• WHAT THE EXERCISE ASKS: Please write out the listing exactly, leaving each picture out.

• INPUT DATA:
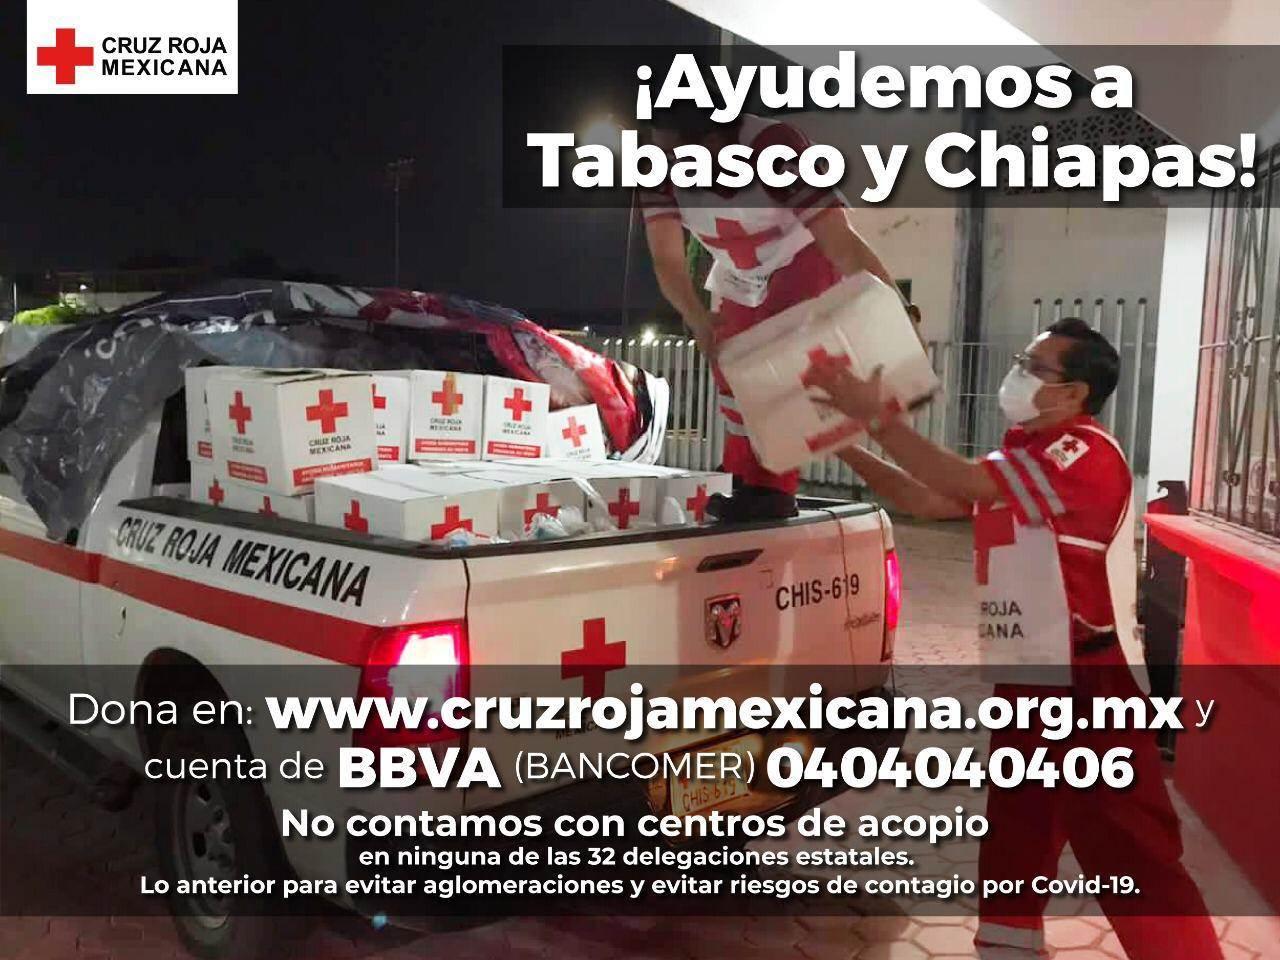 Dona en www.cruzrojamexicana.org.mx
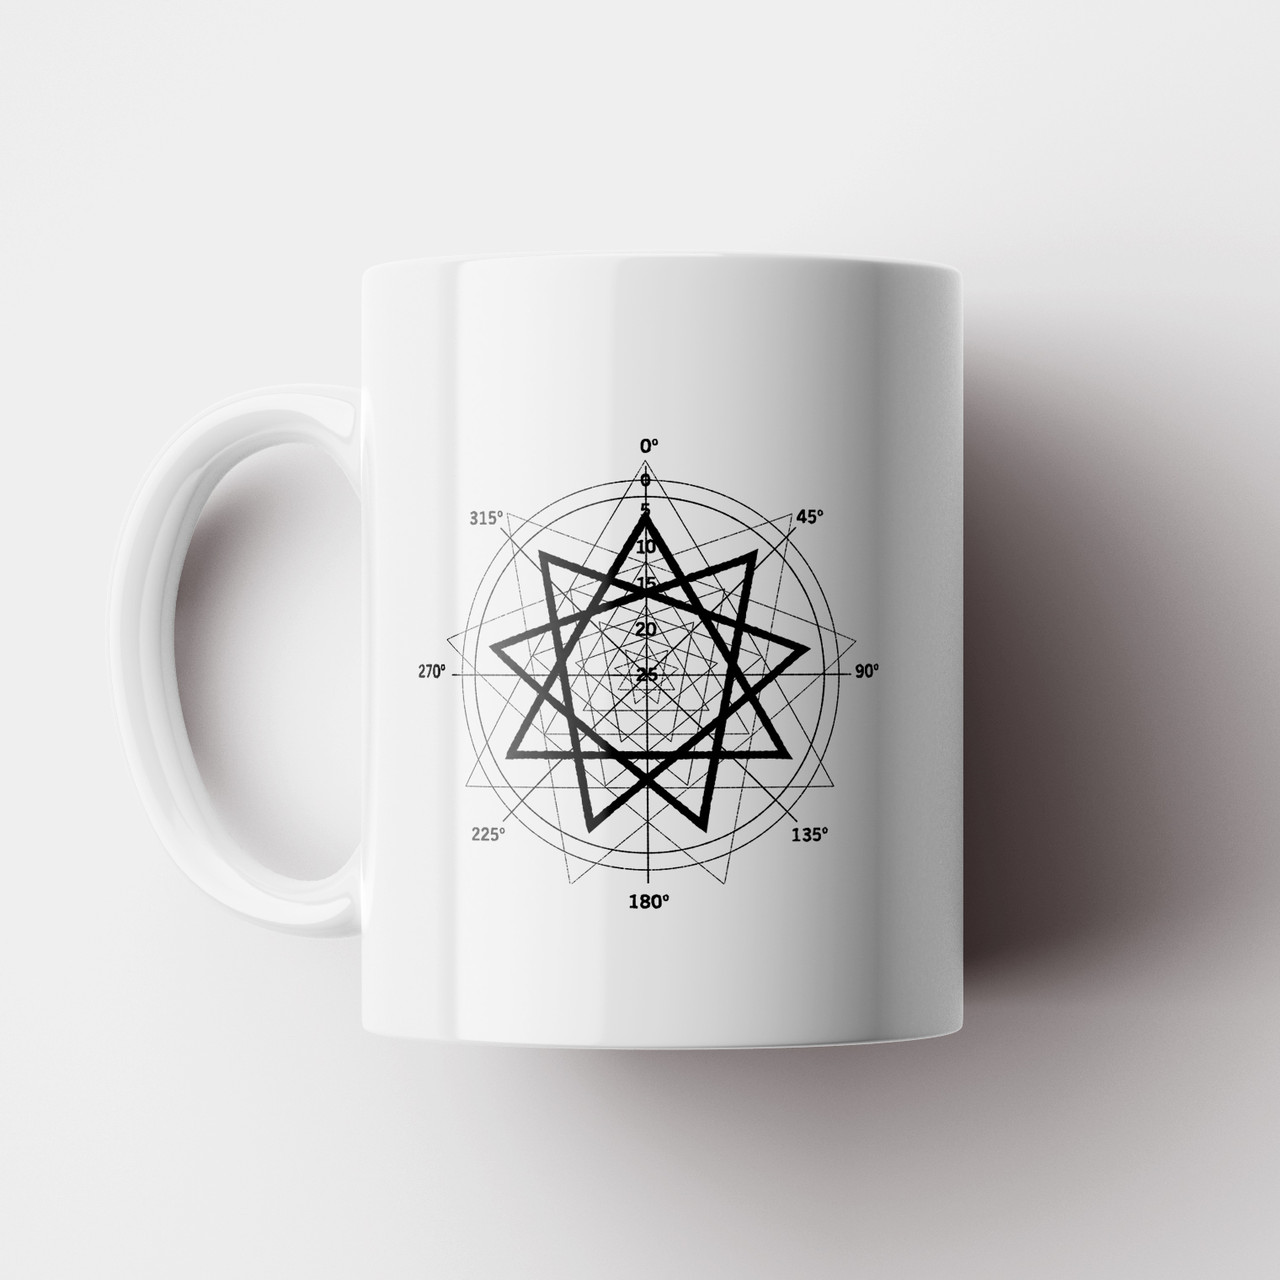 Чашка Slipknot art. Слипнот. Музыка. Metal. Метал. Чашка с фото
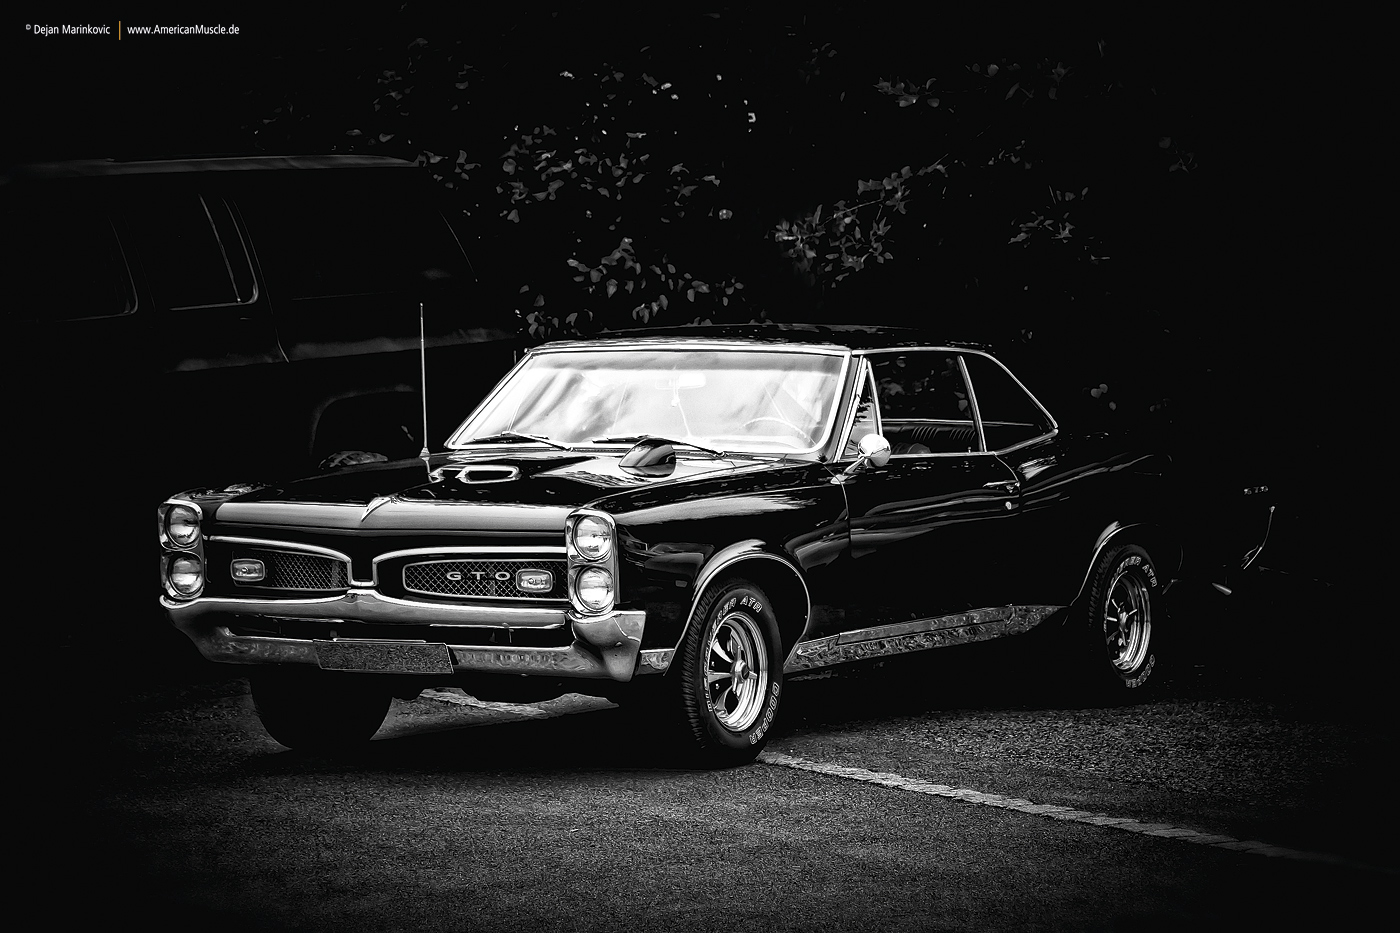 1967 Pontiac GTO BlackWhite by AmericanMuscle 1400x933

• SOLUTION TO THE PROBLEM:
 Dona en www.cruzrojamexicana.org.mx
 Чашка Slipknot art. Слипнот. Музыка. Metal. Метал. Чашка с фото
 1967 Pontiac GTO BlackWhite by AmericanMuscle 1400x933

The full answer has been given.